A centerpiece of the Romney campaign's argument that Obama has not been tough enough on Iran is that the president has not offered a credible military threat against the Iranians. Say what you will about the rest of Romney's remarks -- and broadly speaking, there was not much new in them except that for the first time, the Republican nominee has addressed foreign policy recently without tripping over one of his own misstatements -- but even some of the president's supporters have told me privately they wonder about his commitment and that of the U.S. military to taking action against Iran.
The reasons for these doubts are several. Despite the president's regular assurance that Iran will not be allowed to develop nuclear weapons and that force will be used if necessary, the American people's war fatigue in the wake of Iraq and Afghanistan has made any complex, costly, or highly risky action a tough political sell back home. Further, there have been multiple assertions by analysts that the likelihood of a successful strike on Iran is low. Finally, the public bickering with the Israelis suggested that the United States was dragging its feet and that the Israelis might be forced to act alone precisely because they did not expect to get U.S. support.
Despite the public histrionics in the run-up to the U.N. General Assembly meetings, both White House and Israeli officials assert that the two sides behind the scenes have come closer together in their views in recent days. While there may not be exact agreement on what constitutes a "red line" -- a sign of Iranian progress toward the development of nuclear weapons that would trigger military action -- the military option being advocated by the Israelis is considerably more limited and lower risk than some of those that have been publicly debated.
Indeed, according to a source close to the discussions, the action that participants currently see as most likely is a joint U.S.-Israeli surgical strike targeting Iranian enrichment facilities. The strike might take only "a couple of hours" in the best case and only would involve a "day or two" overall, the source said, and would be conducted by air, using primarily bombers and drone support. Advocates for this approach argue that not only is it likely to be more politically palatable in the United States but, were it to be successful -- meaning knocking out enrichment facilities, setting the Iranian nuclear program back many years, and doing so without civilian casualties -- it would have regionwide benefits. One advocate asserts it would have a "transformative outcome: saving Iraq, Syria, Lebanon, reanimating the peace process, securing the Gulf, sending an unequivocal message to Russia and China, and assuring American ascendancy in the region for a decade to come."
While this approach would limit the negative costs associated with more protracted interventions, it could not be conducted by the Israelis acting alone. To get to buried Iranian facilities, such as the enrichment plant at Fordow, would require bunker-busting munitions on a scale that no Israeli plane is capable of delivering. The mission, therefore, must involve the United States, whether acting alone or in concert with the Israelis and others.

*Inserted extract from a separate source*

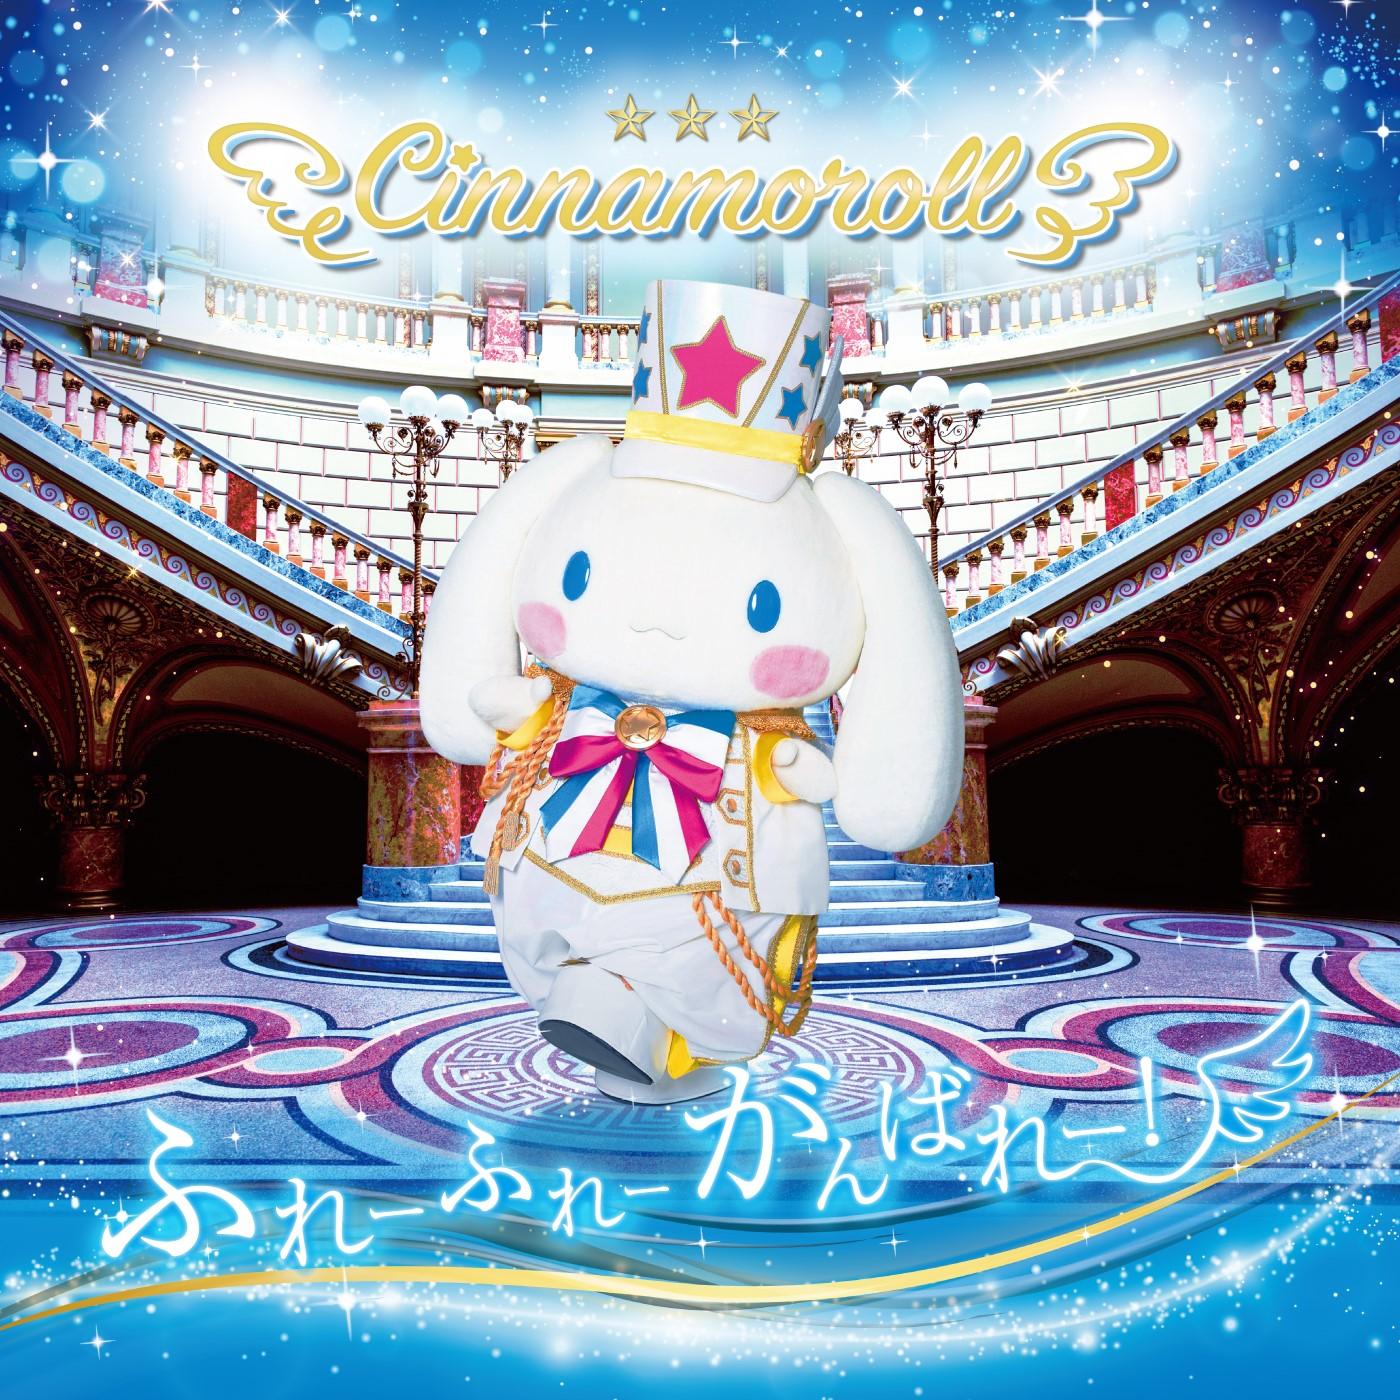 """シナモンが""""アイドル""""としてついにCDデビュー決定!リード曲「ふれーふれーがんばれー!」の配信がスタート"""

What does this have to do with Romney's remarks? Were it clearer that the primary Iran option being discussed is this very limited surgical strike, then a U.S. threat of force would be that much more credible. And if it were more credible -- because it seemed like the kind of risk the president is more willing to undertake -- then it would have the added benefit of providing precisely the kind of added leverage that might make diplomacy more successful. In other words, the public contemplation of a more limited, doable mission provides more leverage than the threat of even more robust action that is less likely to happen.
With that in mind, and given the progress that the Israelis and the administration seem to have made in the past couple of weeks, it may be that the easiest way for the Obama team to defuse Romney's critique on Iran is simply to communicate better what options they are in fact considering. It's not the size of the threatened attack, but the likelihood that it will actually be made, that makes a military threat a useful diplomatic tool. And perhaps a political one, too.